Hallo zusammen, einige (manche haben mir auch liebe Nachrichten geschrieben) kennen einen Teil meiner Geschichte schon aus einem anderem Thread aber ich wollte nun auch den Rest erzählen.
Mir persönlich ist es wichtig diese Erfahrung anderen Mitleidenden mitzuteilen, hätte mir gewünscht mehr Beiträge zu diesem Thema zu finden, als ich gesucht habe. Hätte gerne mit jemandem Kontakt aufgenommen der diese schmerzliche Erfahrung machen musste.
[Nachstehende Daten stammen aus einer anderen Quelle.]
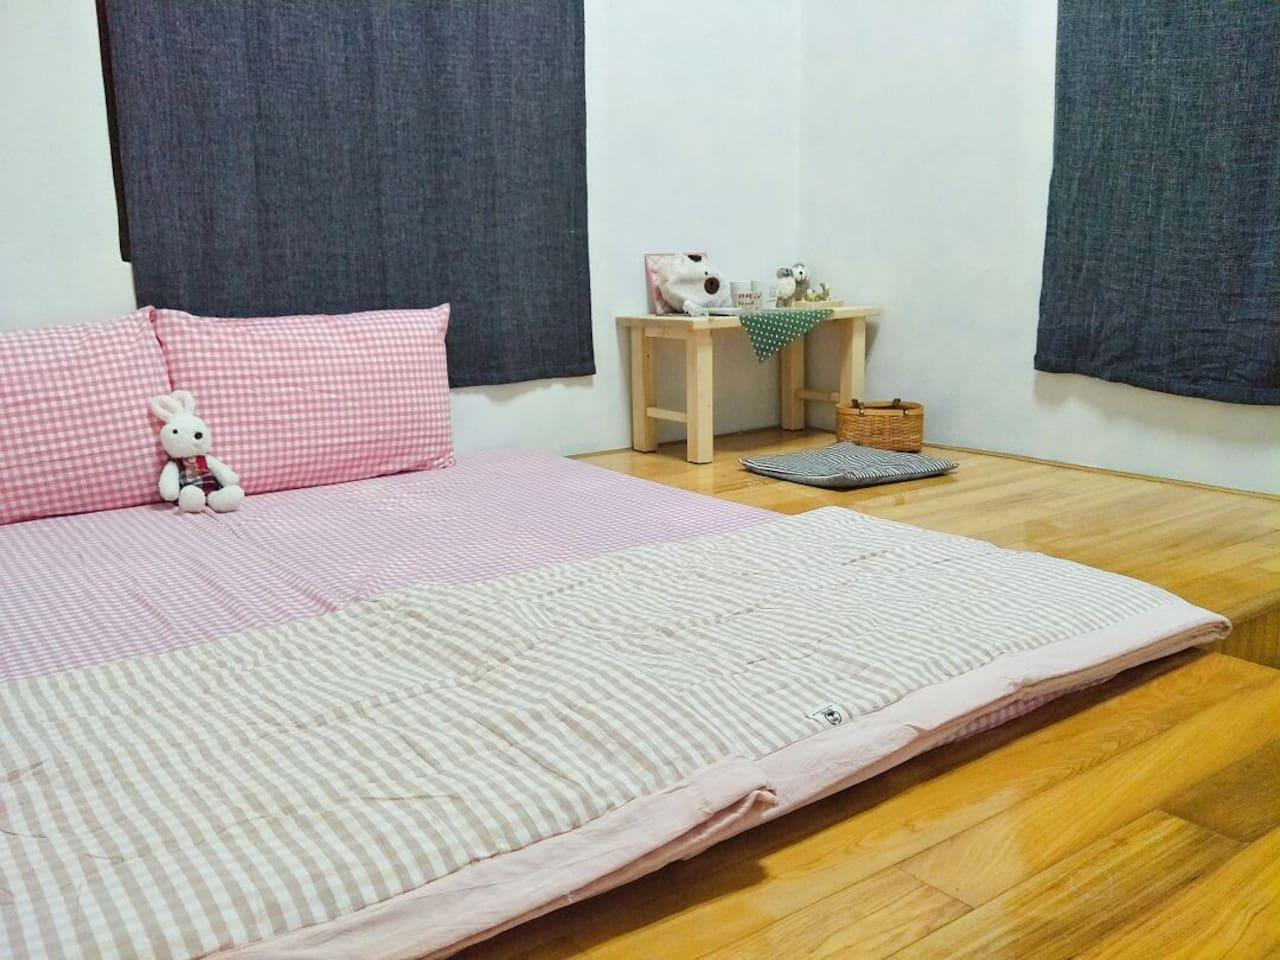 訂房人數是1的話,就是一張床墊 訂房人數是2的話,就是兩張床墊 訂房人數是3的話,就是三張床墊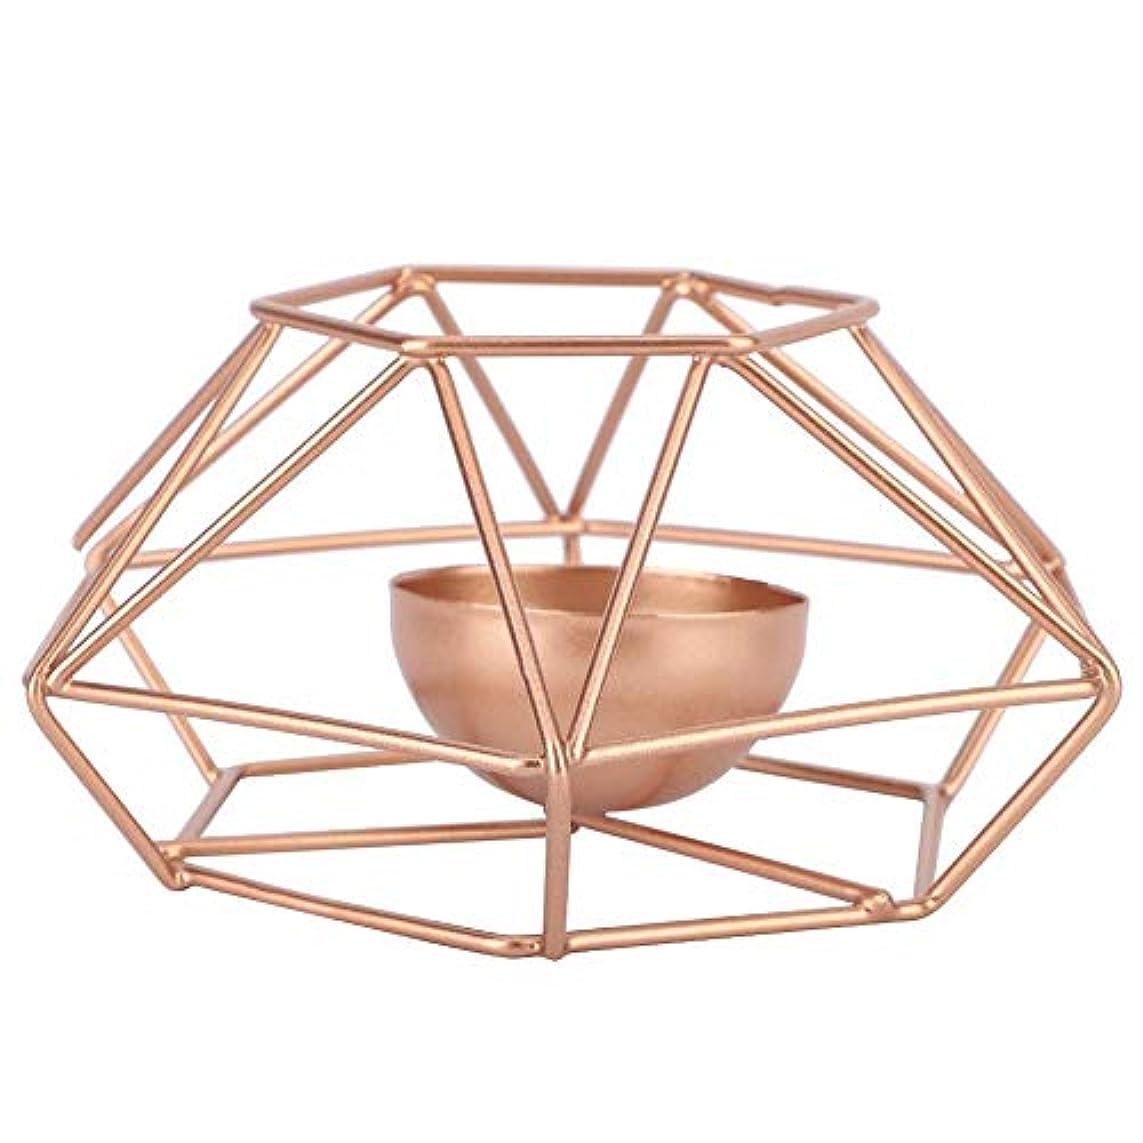 味方包括的価値のない鉄の燭台、現代スタイルの幾何学的な燭台スタンド鉄の蝋燭ホールダー金家の装飾飾り

Meine Geschichte wird etwas läger werden, SORRY.
Mein Leidensweg bekann mit einer Routineuntersuchung beim Frauenarzt. Sie fragte mich ob ich nicht einen Thermin zur Feinsonographie warnehmen wolle, es wäre auch ein schöner Thermin für den werdenden Vater.
Wir nahmen das Angebot dankend an und freuten uns schon aufs Babykino. Ich war in der 21. Schwangerschaftswoche. Während der Untersuchung scherzten wir mit dem Arzt rum da er während der Abarbeitung seines Untersuchungskatalogs immer wieder neu beginnen musste. Unser Baby war sehr agil und drehte sich ständig hin und her. Als der Arzt zu den detaillierten Untersuchungen bezüglich der inneren Organe kam wurde er immer stiller, wir waren der Meinung das es daran lag das unser Kind eben liebendgern in Mamas Bauch schwimmt und er deshalb etwas konzentrierter wirkte. Unsere Vermutung stellte sich leider als falsch raus. Er informierte uns noch während der Untersuchung darüber das unser Sohn mehrere Organfehler hat. Ich war wie vor den Kopf gestossen und verbrachte den Rest der Untersuchung in einem Nebel voll Gedanken und Gefühlen. Der Arzt erklärte uns, dass unser Sohn einen sehr komplizierten Herzfehler hat und einiges mehr, er aber diese Diagnose von einen Spezialisten gegenprüfen lassen möchte. Was wir taten. Wir ließen noch eine Fruchtwasserpunktion machen, um eine Chromosomenstörung auszuschliessen.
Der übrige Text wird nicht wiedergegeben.